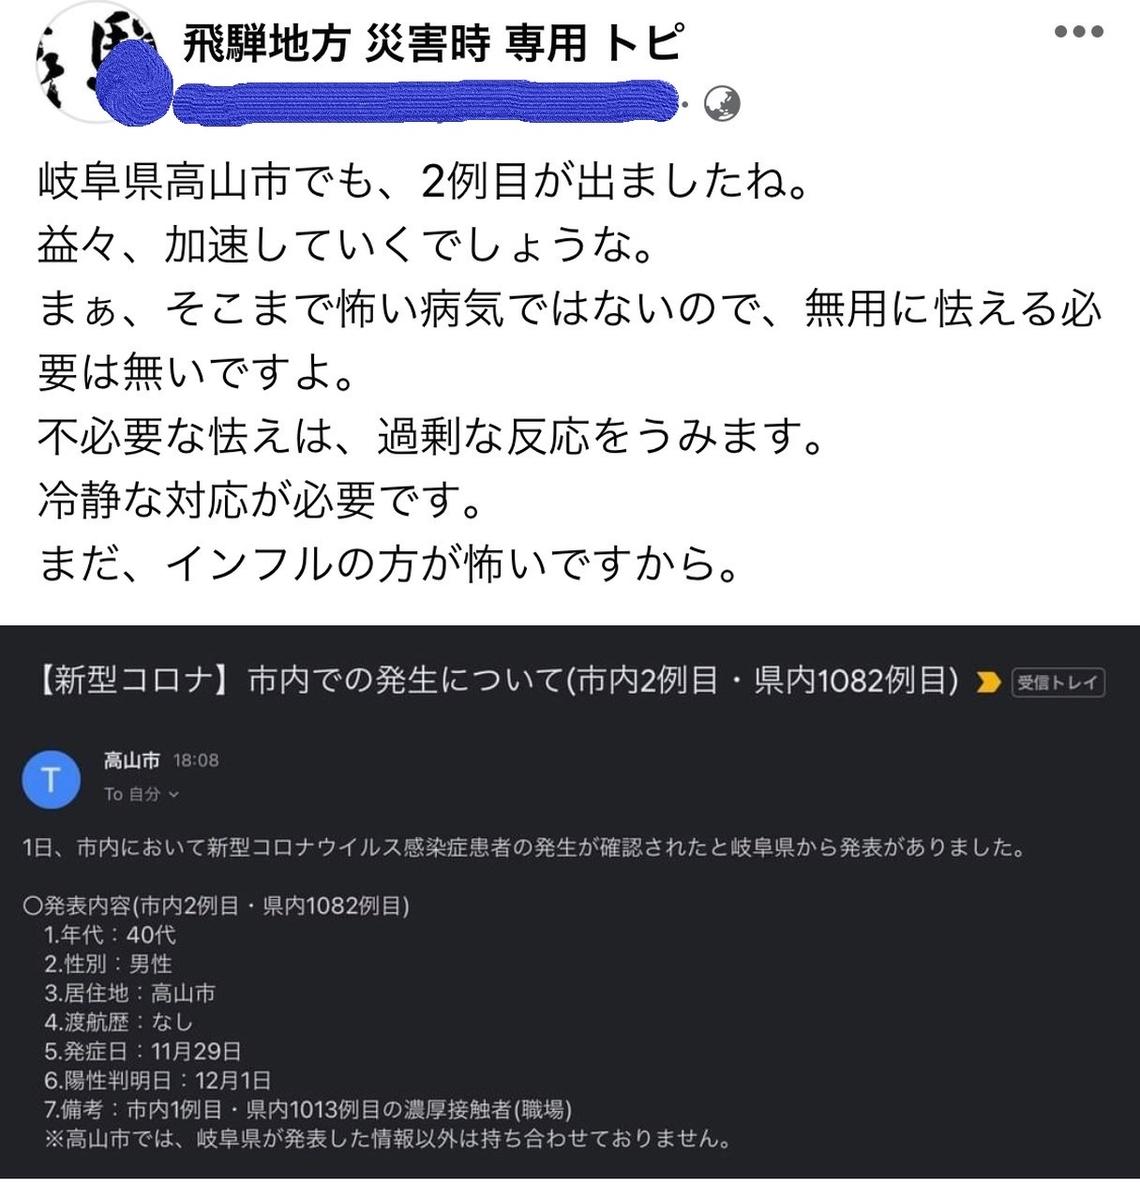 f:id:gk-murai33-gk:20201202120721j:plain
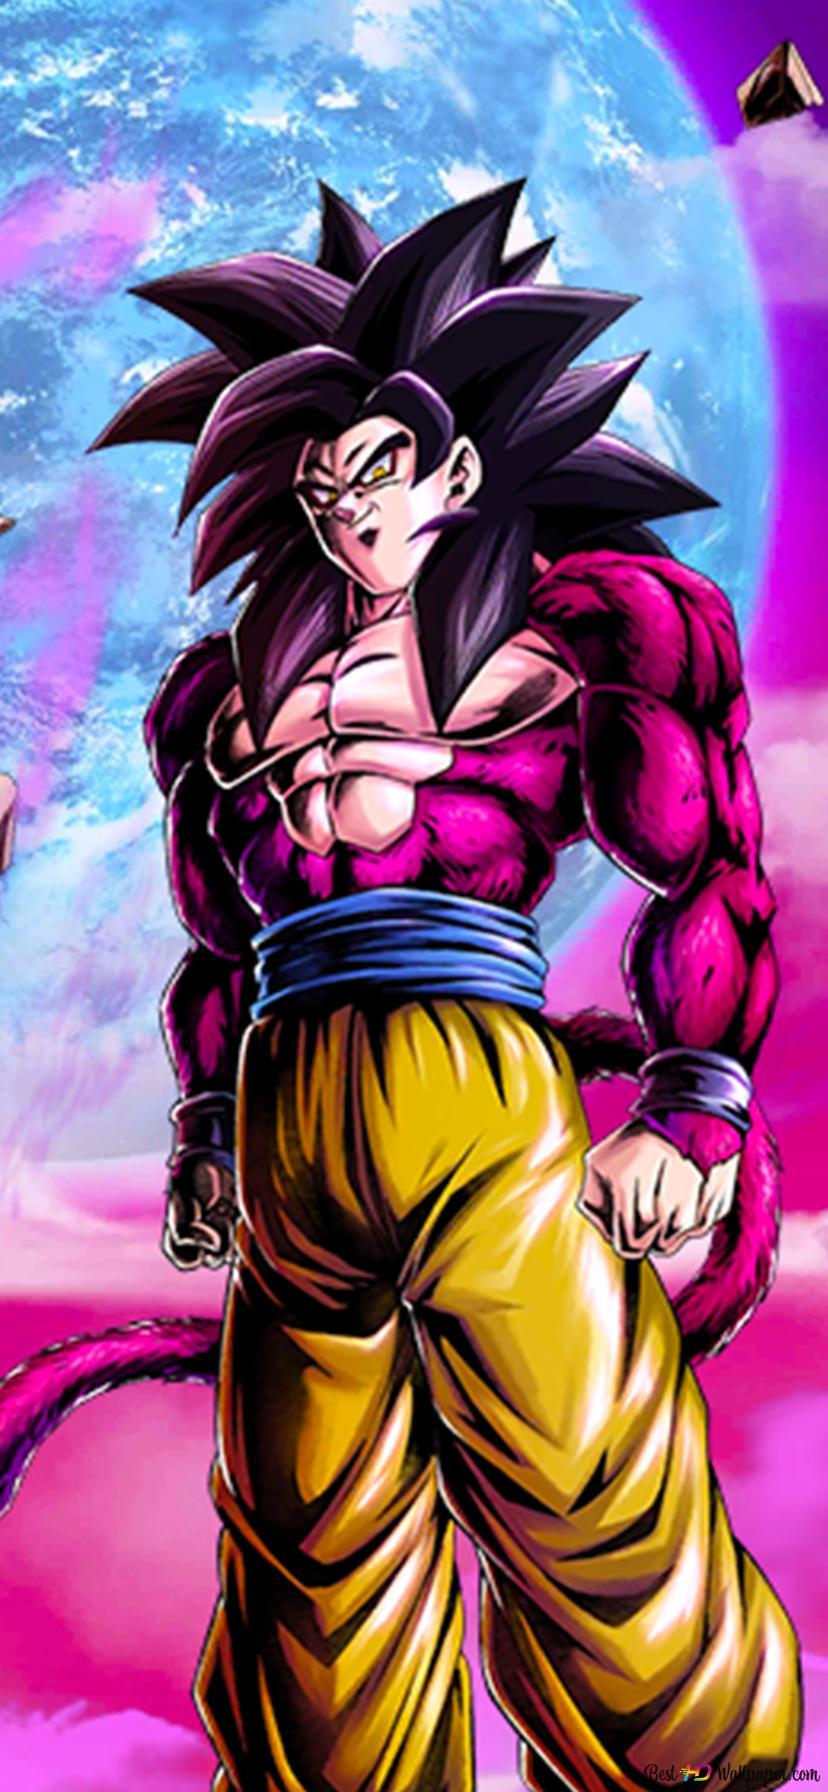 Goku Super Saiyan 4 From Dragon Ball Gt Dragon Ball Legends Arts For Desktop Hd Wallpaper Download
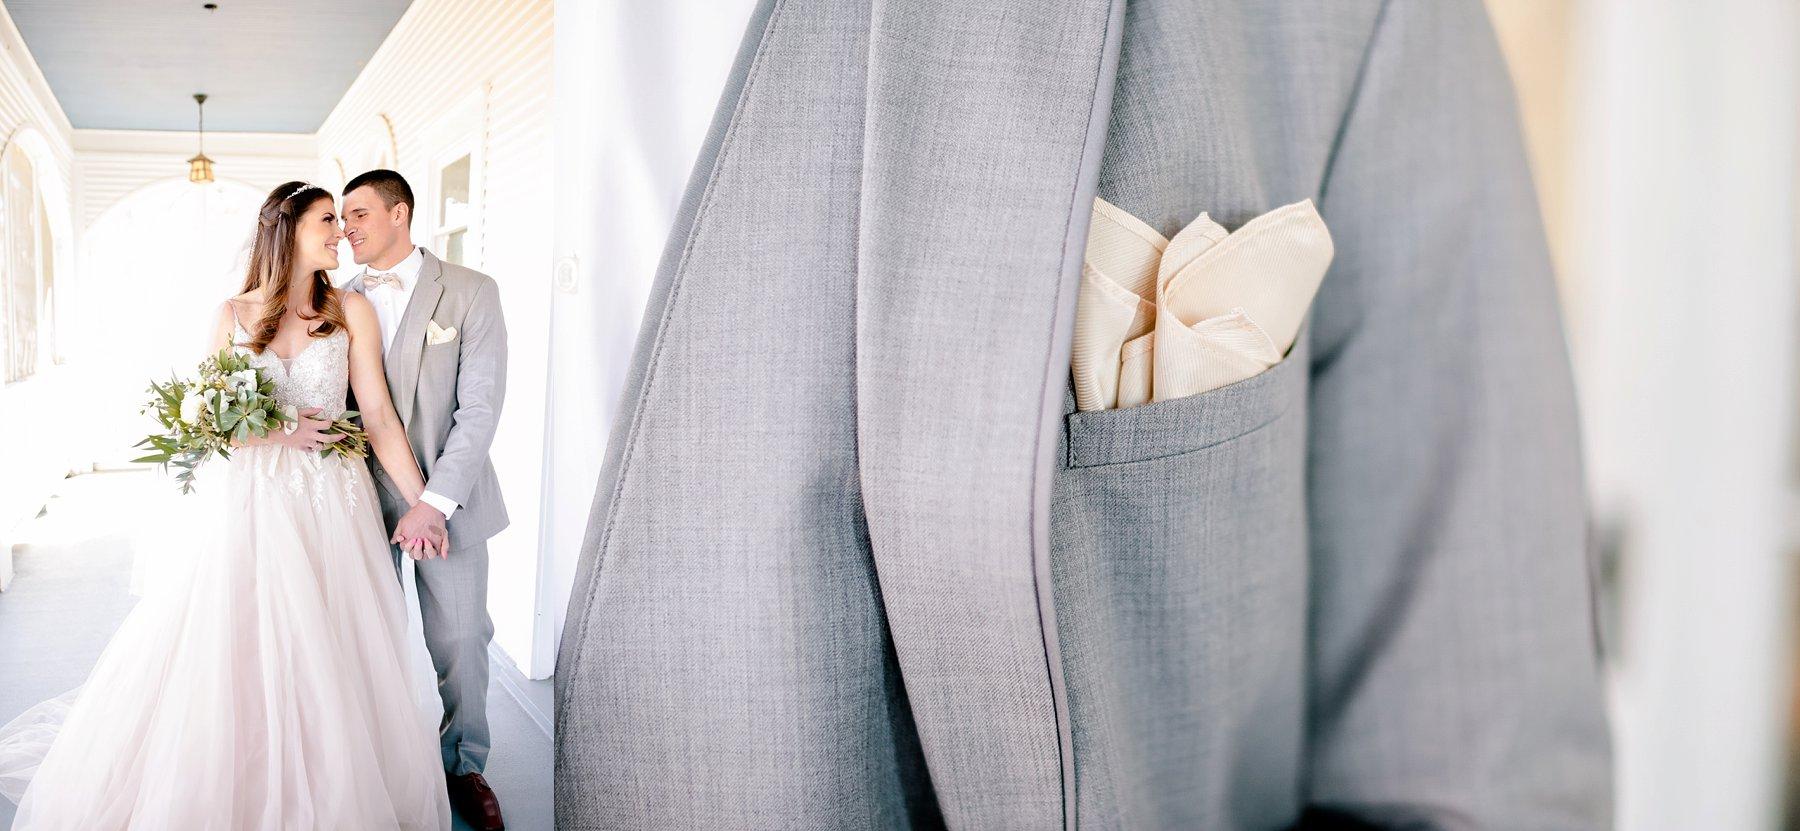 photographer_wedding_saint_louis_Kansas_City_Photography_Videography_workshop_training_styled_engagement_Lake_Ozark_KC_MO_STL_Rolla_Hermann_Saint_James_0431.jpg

------------------------------------------------

## TASK ITEM
Give back the material above exactly as it appears, minus any picture.

## TASK RESULT
 f:id:gk-murai33-gk:20201202120721j:plain
 Goku Super Saiyan 4 From Dragon Ball Gt Dragon Ball Legends Arts For Desktop Hd Wallpaper Download
 photographer_wedding_saint_louis_Kansas_City_Photography_Videography_workshop_training_styled_engagement_Lake_Ozark_KC_MO_STL_Rolla_Hermann_Saint_James_0431.jpg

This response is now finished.